Given the entries below, would you transcribe exactly the lines starting at the one with "Abstrakte gepunktete schwarz-weiße" and ending at the one with "couverture polygonale abstraite", both kept, pictures omitted, nothing extra?

▶ _EXTRACTED MATERIAL_
::::::::::

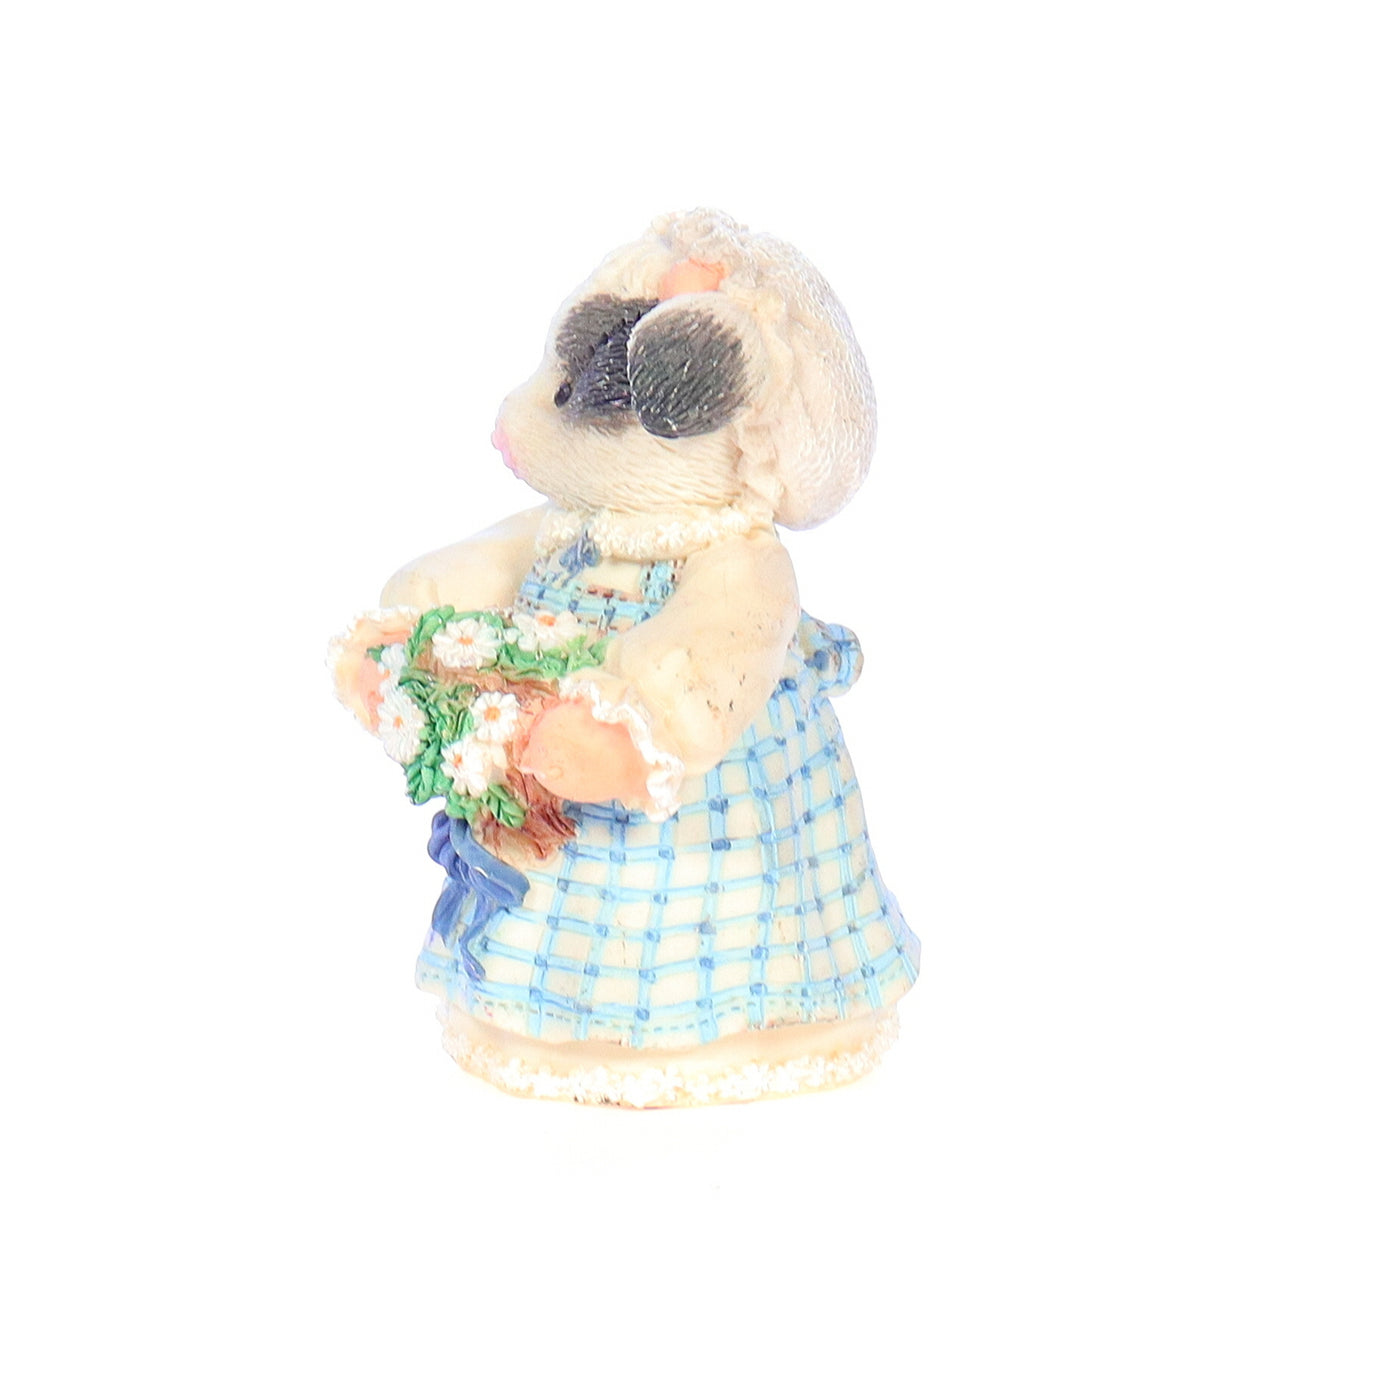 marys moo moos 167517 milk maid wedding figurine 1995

::::::::::

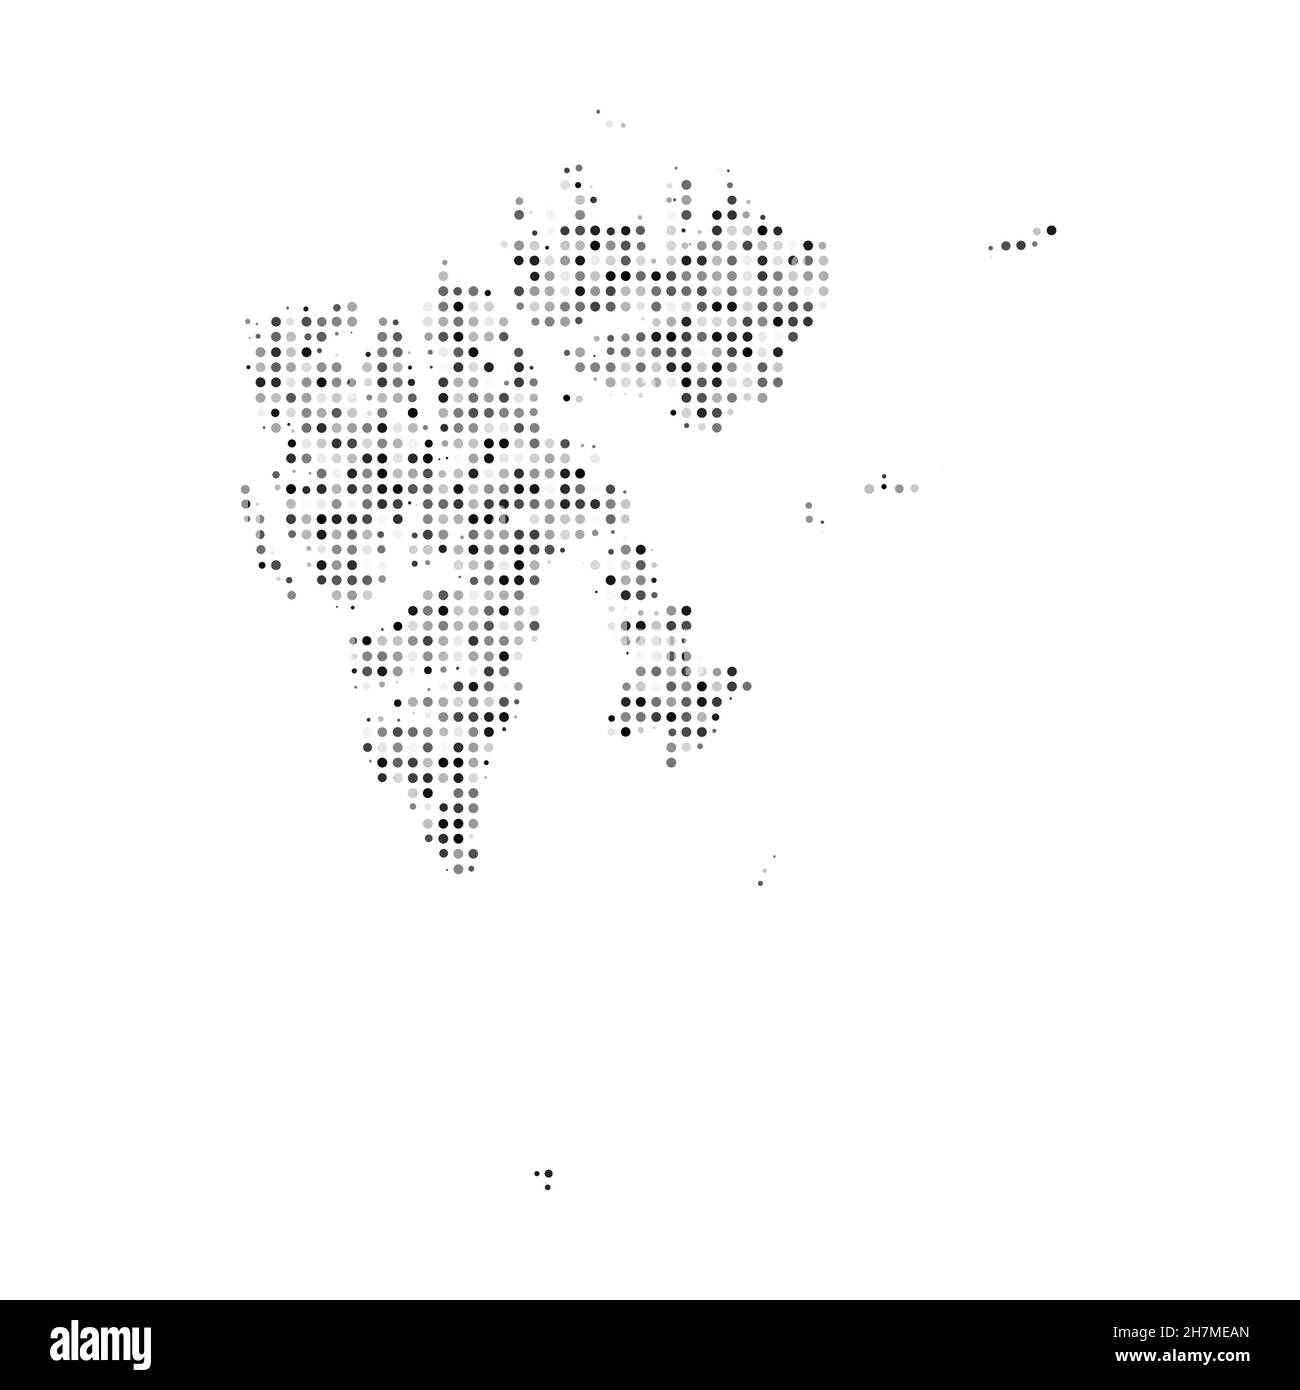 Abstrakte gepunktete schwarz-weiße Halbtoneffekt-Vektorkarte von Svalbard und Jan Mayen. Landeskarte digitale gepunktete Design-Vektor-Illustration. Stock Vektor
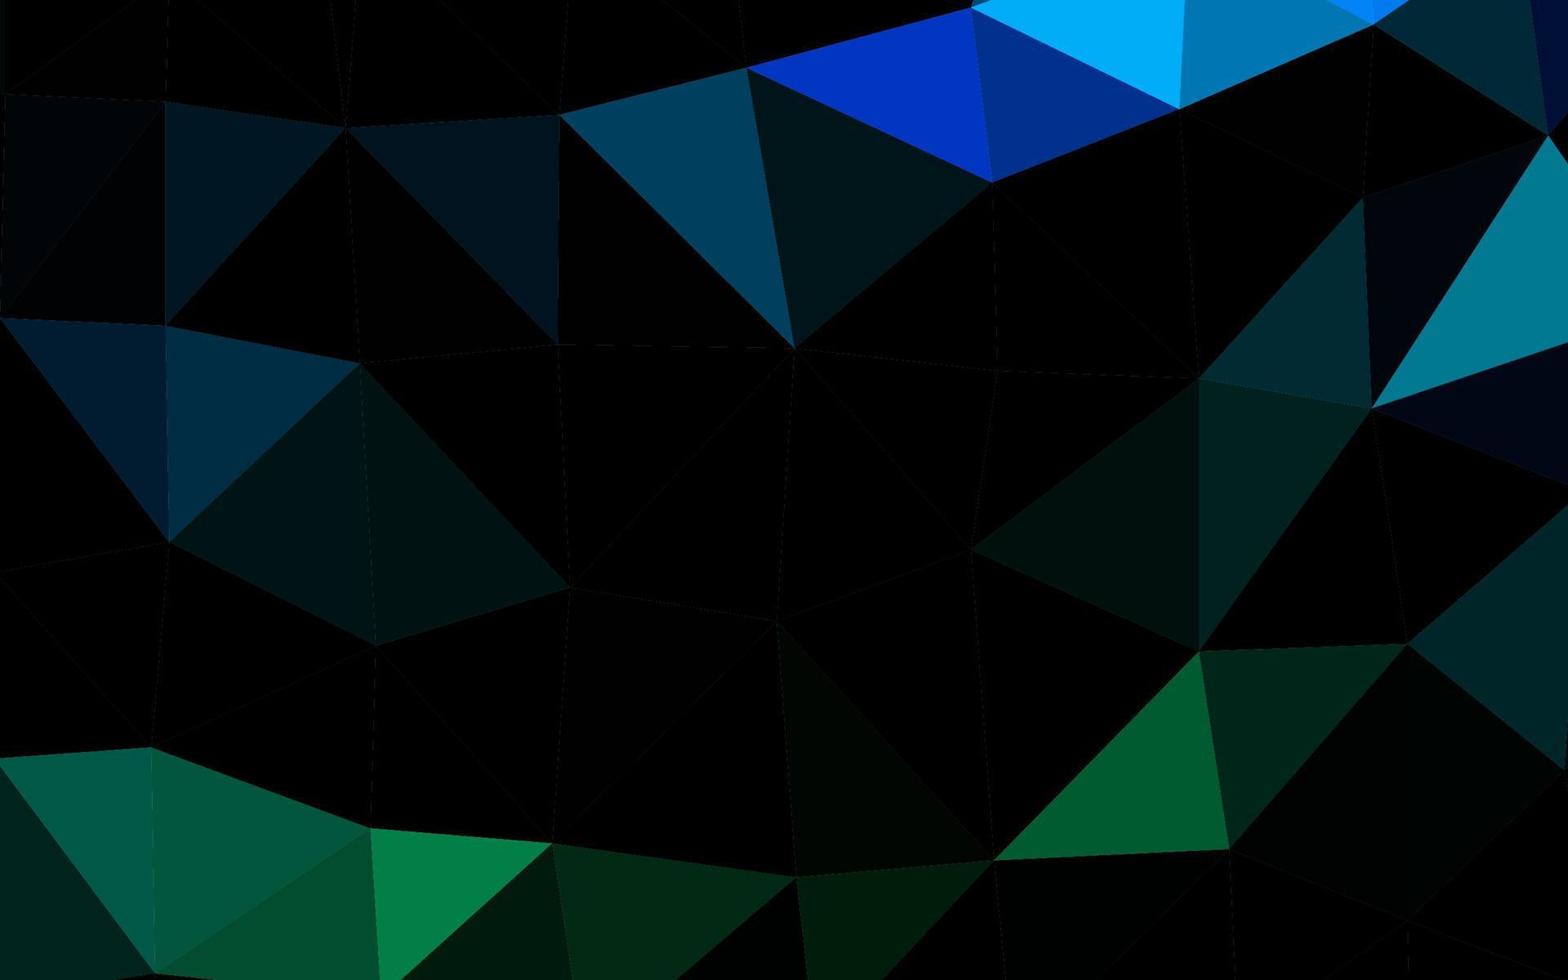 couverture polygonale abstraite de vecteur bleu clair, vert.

::::::::::

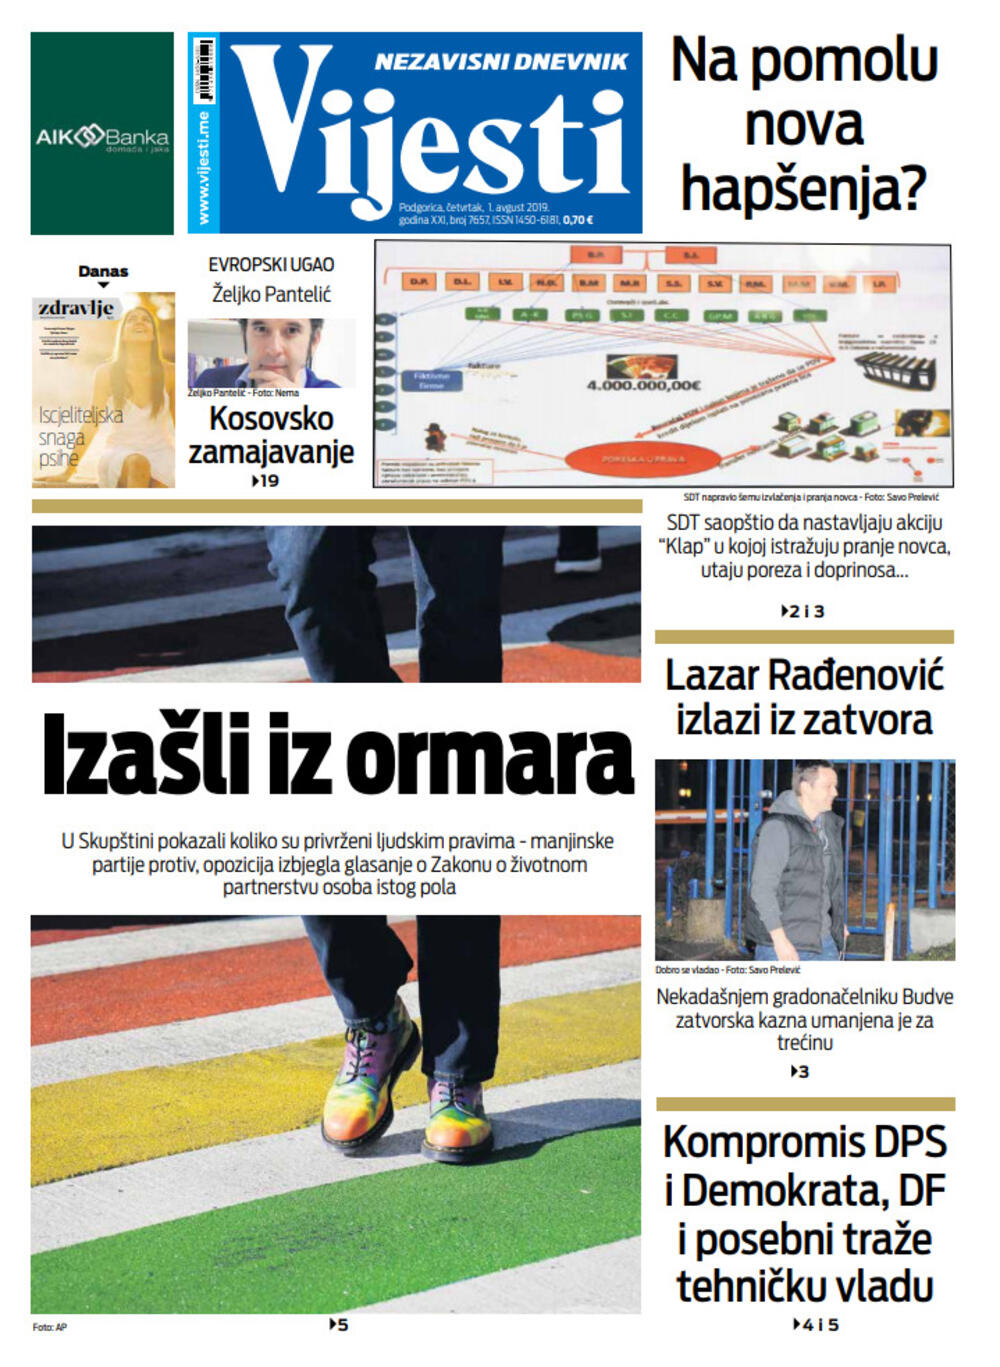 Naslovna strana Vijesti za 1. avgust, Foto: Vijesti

::::::::::

▶ _SOLUTION TO THIS EXERCISE_
 Abstrakte gepunktete schwarz-weiße Halbtoneffekt-Vektorkarte von Svalbard und Jan Mayen. Landeskarte digitale gepunktete Design-Vektor-Illustration. Stock Vektor
 couverture polygonale abstraite de vecteur bleu clair, vert.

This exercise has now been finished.